Thereby, the power of the smoothing part 3 is supplied only to the microcomputer constant voltage part 4a, and power is not supplied to the load drive constant voltage part b.

Therefore, in the present invention, the power is not supplied to the load driving constant voltage unit 4b in a state in which the output power of the smoothing unit 3 does not drive all of the loads under the control of the microcomputer 10, thereby driving the load. The constant voltage unit 4b can have a cooling time.
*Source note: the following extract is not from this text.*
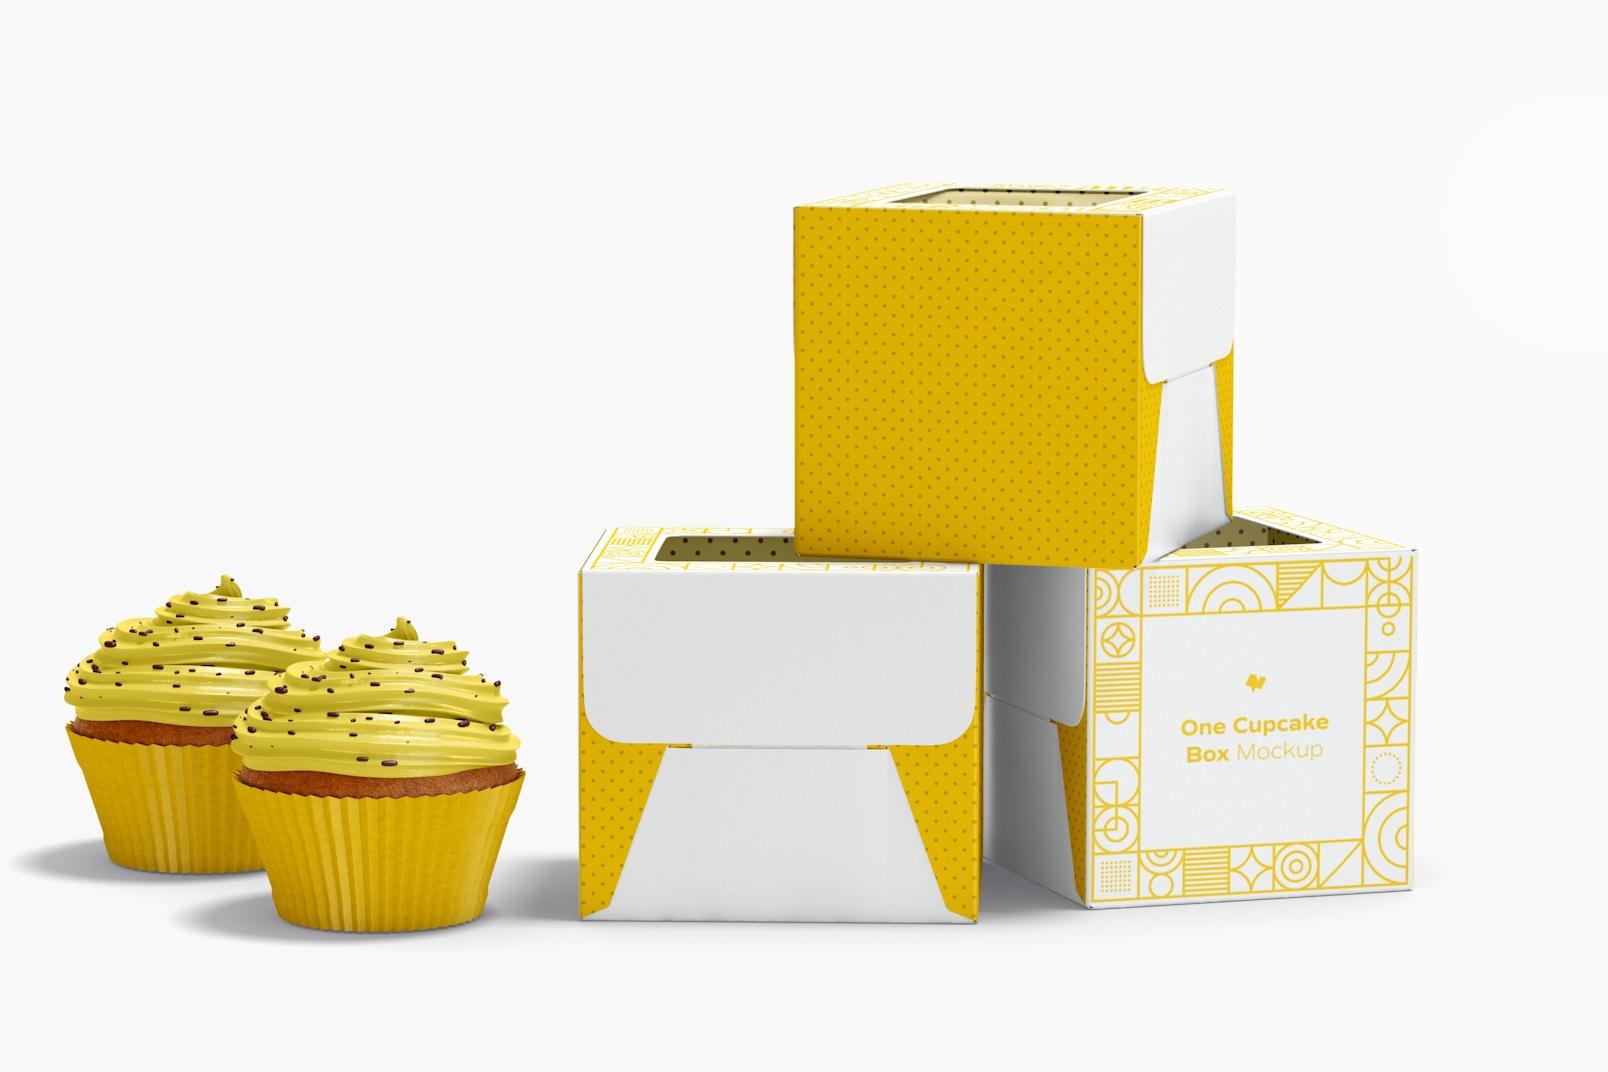 One Cupcake Boxes Mockup, Closed

As described in detail above, according to the present invention, it is designed not to supply power to the load driving constant voltage unit when there is no load driving, thereby cooling heat that may be generated in the constant voltage unit during load driving. It can have a cooling time, it is effective to prevent the extension of the life of the parts, malfunction and failure.

Claims (2)

A power supply transformer 1 for stepping down the input voltage, a rectifying part 2 for full-wave rectifying the output power of the power supply transformer 1, a smoothing part 3 for smoothing the rectified power of the rectifying part 2, and a relay switch (RY11) and a relay (RY1) for controlling it, a selection unit for selectively applying the output power of the smoothing unit 3 to either the microcomputer power supply constant voltage unit 4a or the load driving power supply constant voltage unit 4b. A load driving constant voltage unit 4b connected to a contact terminal a of the relay switch RY11 of the selection unit 20 and applying power to the load 5, and the constant voltage unit for load driving; A constant voltage unit 4 which is connected to the output terminal of (4b) and the b contact terminal (b) of the relay switch RY11 and which supplies the power to the microcomputer 10, and the constant voltage unit 4 consisting of the microcomputer constant voltage unit 4a and whether the load is driven or not; A selector driven by a control signal of the microcomputer 10 for controlling the relay RY1 of the selection unit 20; Thermal protection unit of the appliance, characterized in that consisting of 30, the power supply circuit. According to claim 1, wherein the selector 20 connects the input terminal (c) to the output terminal of the smoothing unit 3, the b contact terminal (b) through the voltage drop resistor (R2) for the microcomputer constant voltage unit ( A contact terminal (a) connected to 4a) is driven by a relay switch RY11 connected to the constant voltage unit 4b for load driving and the selection driver 30 to load the relay switch RY11 to the load 5. Is connected to the contact a terminal (a) connected to the load driving constant voltage unit 4b, and if the load 5 is not driven to the b contact terminal (b) connected to the microcomputer constant voltage unit 4a. Overheating protection power circuit of the home appliance, characterized in that consisting of a relay (RY1) to control to connect.